I think the expediency and propriety of disposing of these lands for the purposes specified should in each case be determined by the Secretary of the Interior, as well as the rules and regulations governing such disposition.

The objections to the bill, however, which appear to be the most serious are found in its fifth and last section, which provides:

That any State or any county or district organization duly organized under the laws of any State or Territory may apply for any of the storage-reservoir sites not reserved by the United States, situated on unentered public lands, for the storage of water for irrigating, mining, or other useful purposes, whereupon the Secretary of the Interior shall set aside and withdraw from public sale or other disposition such site or sites and permit the use thereof for either or all of such purposes.

These provisions do not seem to be in harmony with prior laws by which, under certain conditions, arid lands may be conveyed to States for the purpose of irrigation, and it is not clear what is intended by the words "any of the storage-reservoir sites not reserved by the United States."

The apparent purpose and effect of the section is to give to the organizations mentioned the right to select such land as may present eligible reservoir sites not reserved and upon unentered lands, and demand of the Secretary of the Interior a grant of the same, leaving no discretion on the subject to him or to any other officer of the Government; and these grants are to be made without any compensation to the Government and without any specific requirement of the amount or kind of work to be done or improvements to be made upon such sites.

The grants may be demanded not only for the storage of water for irrigating purposes, but for "mining and other useful purposes." Inasmuch as no officer of the Government is vested with any discretion in the premises, the pretext that the "purpose" to be accomplished is "useful" might result in the use of these sites in a manner prejudicial to the surrounding public domain and destructive of the utilization of such sites for irrigating purposes.
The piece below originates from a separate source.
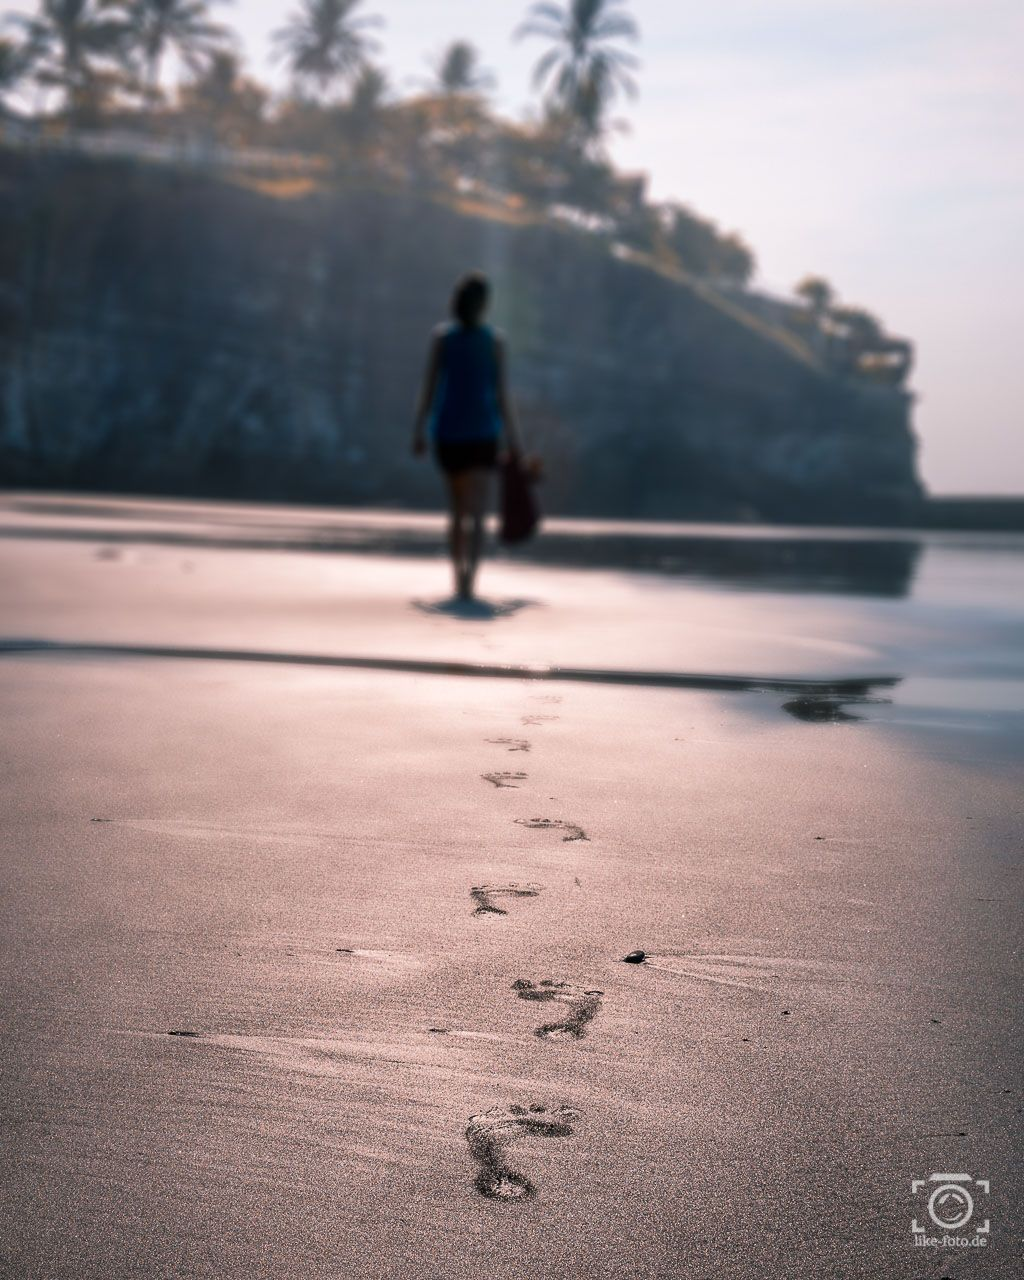 13 grandiose Ideen für kreative Strandfotos! – like-foto.de

The wise and prudent safeguards which have been incorporated in other legislation relating to the disposition of arid public lands and their irrigation seem to have been to such an extent overlooked in the construction of the bill under consideration that, in my judgment, if it should become the law a beneficent policy which the Government has entered upon in the interest of agriculture would be seriously endangered.

GROVER CLEVELAND.

EXECUTIVE MANSION, February 1, 1895.